Chen Yanping, Xiong Ruilin, Zhang Jian, Yang Shaopeng, Li Huangdong, Zhu Ziyu, Wang Peiyuan, He Mingguang, Zheng Yingfeng, Wang Wei
State Key Laboratory of Ophthalmology, Zhongshan Ophthalmic Center, Sun Yat-Sen University, Guangdong Provincial Key Laboratory of Ophthalmology and Visual Science, Guangdong Provincial Clinical Research Center for Ocular Diseases, Guangzhou, China.
School of Optometry, The Hong Kong Polytechnic University, Hong Kong.
Invest Ophthalmol Vis Sci. 2025 Jan 2;66(1):2. doi: 10.1167/iovs.66.1.2.
To investigate the 10-year changes in visual function and incidence of visual impairment (VI) in highly myopic eyes.
This longitudinal study enrolled highly myopic individuals who were followed up for 10 years. All participants underwent detailed ophthalmic examinations at baseline and follow-up visits. Best-corrected visual acuity (BCVA) was measured using Early Treatment of Diabetic Retinopathy Study protocol, and visual field (VF) was assessed with standard automatic perimetry.
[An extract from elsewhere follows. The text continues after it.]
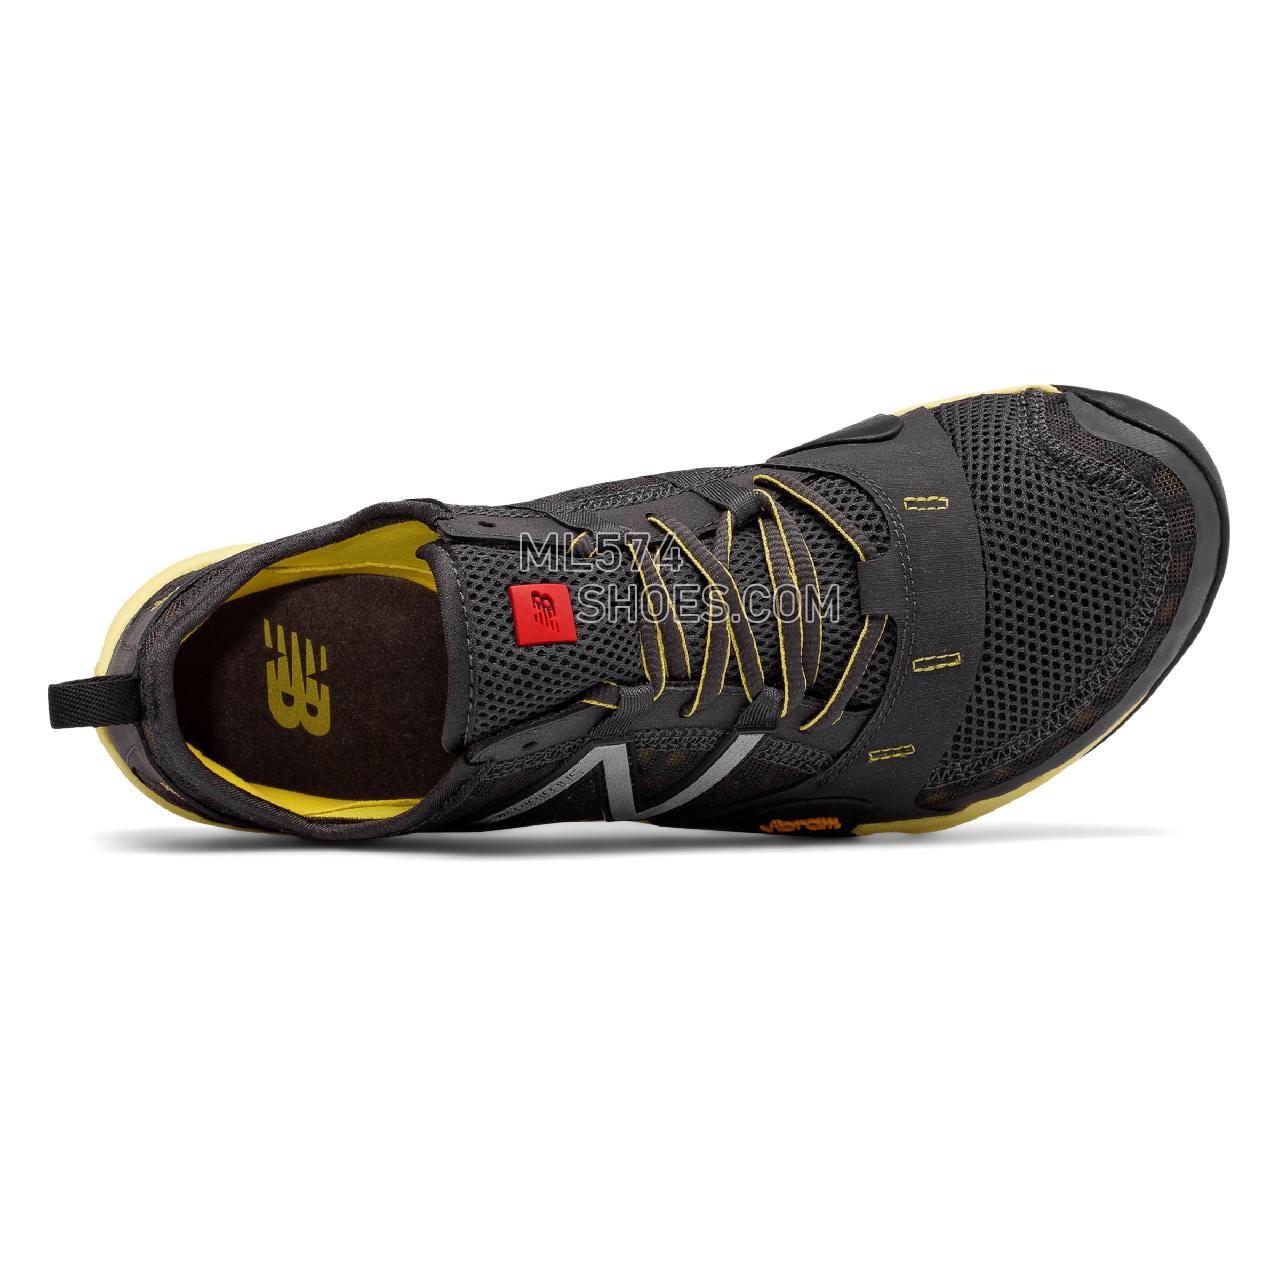 New Balance Minimus 10v1 Trail - Men's 10 - Running Dark Grey with Yellow - MT10GG

A total of 568 highly myopic eyes (284 participants) were included, with mean baseline age of 22.49 ± 13.07 years, spherical equivalent refraction (SER) of -9.72 ± 3.02 D, and axial length of 27.39 ± 1.53 mm. Over 10 years, the mean BCVA loss was -0.06 logMAR (95% confidence internal [CI], 0.05-0.07). The mean change rates in mean deviation (MD) and pattern standard deviation over time were -0.07 dB/y (95% CI, -0.08 to -0.06) and 0.036 dB/y (95% CI, 0.028 to 0.044), respectively. The 10-year incidence of monocular moderate and severe VI (MSVI), per World Health Organization (WHO) and US criteria, was 3.52% (95% CI, 2.16%-5.39%) and 6.35% (95% CI, 4.46%-8.72%). Higher MSVI incidence, defined by WHO and US criteria, was associated with more myopic SER and lower baseline MD. Additionally, higher US-defined MSVI incidence was correlated with worse baseline BCVA.
In a highly myopic population, both BCVA and VF deteriorated over time, with increasing MSVI incidence. Raising public awareness of vision risks linked to high myopia and implementing strategies to reduce the burden in high-risk individuals are essential.
研究高度近视眼中视觉功能的10年变化及视力损害(VI)的发生率。
这项纵向研究纳入了随访10年的高度近视个体。所有参与者在基线和随访时均接受了详细的眼科检查。使用糖尿病视网膜病变早期治疗研究方案测量最佳矫正视力(BCVA),并采用标准自动视野计评估视野(VF)。
共纳入568只高度近视眼(284名参与者),平均基线年龄为22.49±13.07岁,等效球镜度(SER)为-9.72±3.02 D,眼轴长度为27.39±1.53 mm。在10年期间,平均BCVA损失为-0.06 logMAR(95%置信区间[CI],0.05 - 0.07)。平均偏差(MD)和模式标准差随时间的平均变化率分别为-0.07 dB/年(95% CI,-0.08至-0.06)和0.036 dB/年(95% CI,0.028至0.044)。根据世界卫生组织(WHO)和美国标准,单眼中度和重度VI(MSVI)的10年发生率分别为3.52%(95% CI,2.16% - 5.39%)和6.35%(95% CI,4.46% - 8.72%)。WHO和美国标准定义的较高MSVI发生率与更高度数的SER和更低的基线MD相关。此外,美国定义的较高MSVI发生率与更差的基线BCVA相关。
在高度近视人群中,BCVA和VF均随时间恶化,MSVI发生率增加。提高公众对与高度近视相关的视力风险的认识并实施减轻高危个体负担的策略至关重要。